Valerie Damasco’s topic, From Policies and Practices to Process: The Immigration of Filipino Nurses to Canada in the 1950s and 1960s, traced the history of the immigration of Filipino nurses to Canada. Damasco is a doctoral candidate in Adult Education and Community Development at OISE.
Conely de Leon focused on Transnational Kin Networks and the Politics of Care and Emotional Labor. She is a Ph. D candidate in Gender, Feminist, and Women’s Studies at York University and a graduate associate at the York Center for Asian Research.
Mithi Esguerra and Rupa Banerjee jointly discussed Life after the LCP: the GABRIELA Transitions Survey. LCP stands for the Live in Caregiver Program. Esguerra, a community organizer and activist, is the chair of GABRIELA Ontario. Banerjee is associate professor of Human Resources and Organizational Behavior at Ryerson University. Institutional barriers facing new immigrants in Canada is her area of interest.
Fritz Pino; Rupa Banerjee and Mithi Esguerra.
Patrick Alcedo, associate professor and director of the graduate program in Dance Studies at York University, screened a film clip of his documentary A Piece of Paradise: a Collaborative Film Project. Alcedo holds the Early Researcher Award from the government of Ontario.
Althea Balmes and Jo SiMalaya Alcampo presented Kwentong Bayan: a Labor of Love, a comic book created with migrant caregivers. Balmes and Alcampo have developed a “critical and intersectional approach to community based art, labor and education.
Ethel Tungohan shared Reflections on Family, Citizenship, and Belonging: Filipino Temporary Foreign Workers in Alberta. Dr. Tungohan is the Grant Notley postdoctoral research fellow at the Department of Political Science, University of Alberta. A community activist, Dr. Tungohan writes on immigration issues for Rabble.ca. In 2016, she “will join the departments of Political Science and Social Science at York University.”.

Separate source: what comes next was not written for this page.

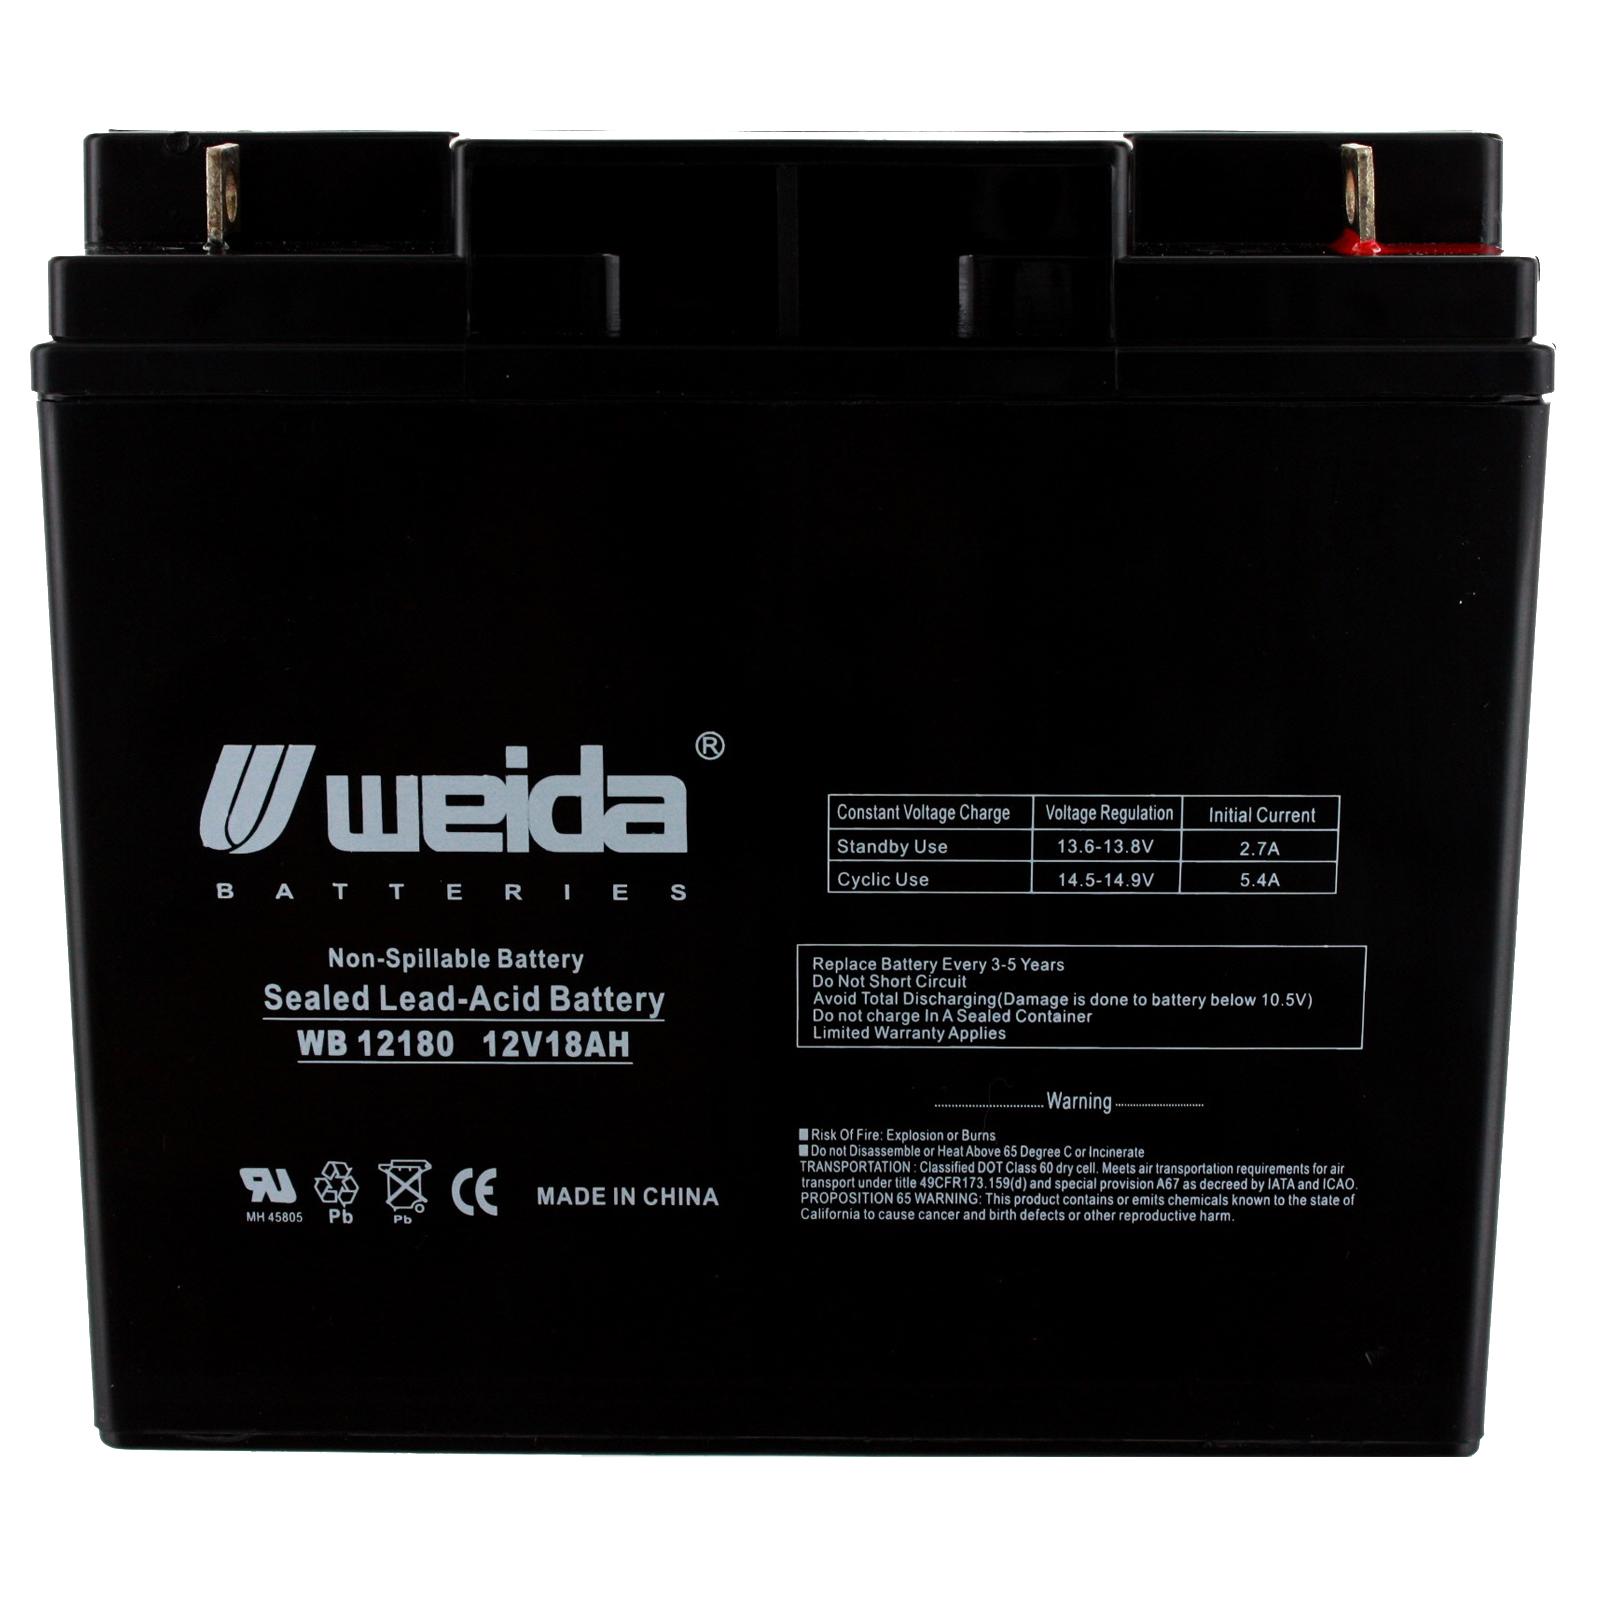 new 12v 18ah sla battery wb12180 for ub12180 ps12180 wka12 18nbl new 12v 18ah sla battery wb12180 for ub12180 ps12180 wka12 18nbl fast usa ship

Closing speakers were Maruja M.B.Asis and Jesson Reyes. Asis is a sociologist who works as director of Research and Publications at the Scalabrini Migration Center in Quezon City. Currently, she studies the “interrelations between public policies, migration and development, and the transformative characteristics of temporary migration.” Asis co-edits the Asian and Pacific Migration Journal. Reyes is a settlement worker and organizes migrant families. He is a member of Migrante Youth and a regional coordinator of Migrante Canada.